Second, we have verbs whose intransitive senses have sole arguments that stand for agents. One such verb is "eat," as in "We ate," and "We ate turnips."

So I'm asking whether the term "ambitransitive" is a generally accepted term among linguists? (I'm afraid I can't rely on Wikipedia for the answer.)

1 Answer 1


Ambitransitive is likely to have a meaning only in certain theories that make certain assumptions, like the assumption that transitivity is a property of verbs (instead of constructions), for instance.

In fact transitivity is a very complex property, in that the details of the verb - direct object relation are very dependent on the semantics of the verb (or adjective or noun -- not all transitive constructions have verbal predicates).
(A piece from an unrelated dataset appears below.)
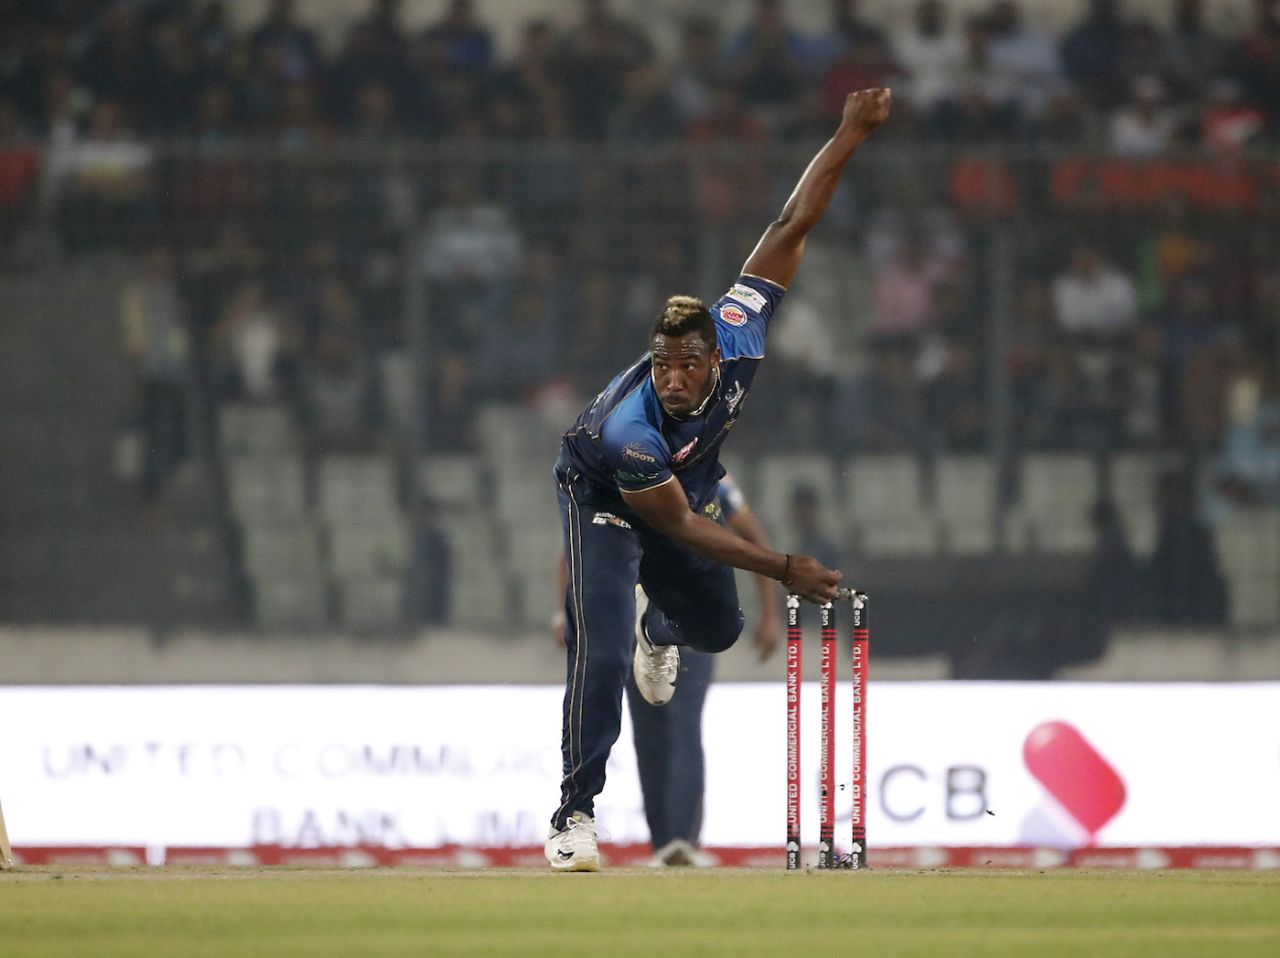 Andre Russell in his delivery stride, Dhaka Dynamites v Rangpur Riders, BPL 2019, 2nd Qualifier, Dhaka, February 6, 2019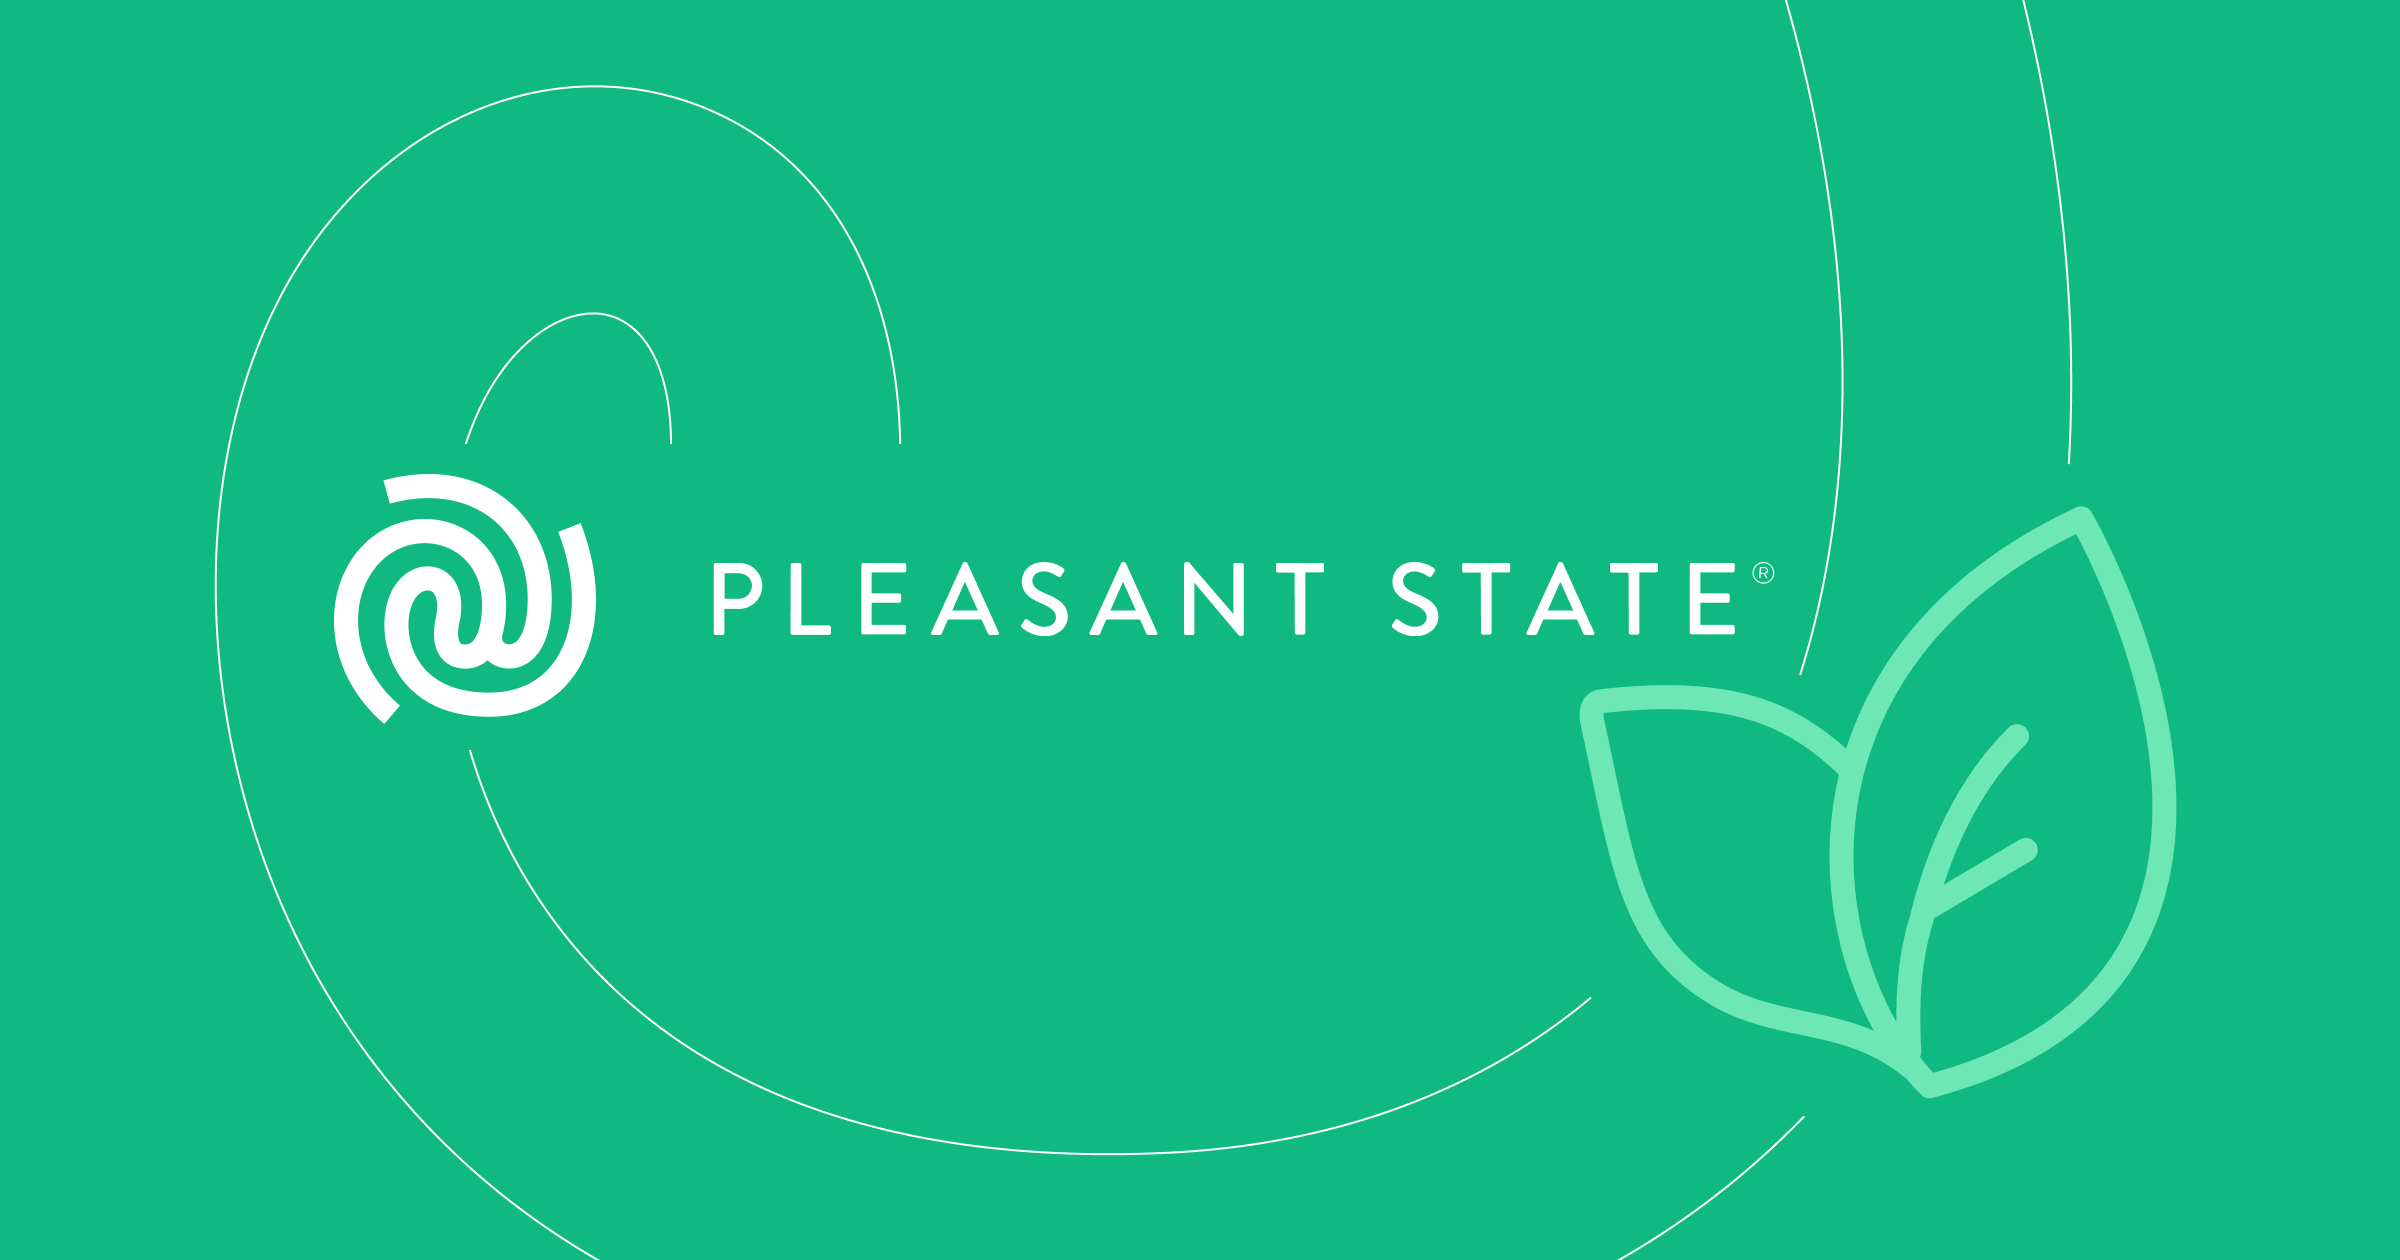 Pleasant State's journey to sustainability — and how other eCommerce founders can follow

Normally we would consider walk prototypically intransitive, and eat prototypically transitive. But consider:

  • (1a) He walked the dog. (2a) He ate the steak.
  • (1b) He walked ten miles/a lot. (2b) He ate ten ounces/a lot.
  • (1c) He walked too much. (2c) He ate too much.
  • (1d) He walked today. (2d) He ate today.
  • (1e) Did he walk? (2e) Did he eat?

So which one is "transitive"? Or are all verbs "ambitransitive"?

For some other varieties of transitivity:

  • (3a) He sells the books fast. (4a) He opened the store early.
  • (3b) The books sell fast. (4b) The store opened early.
  • (3c) He sells fast. (4c) He opened early.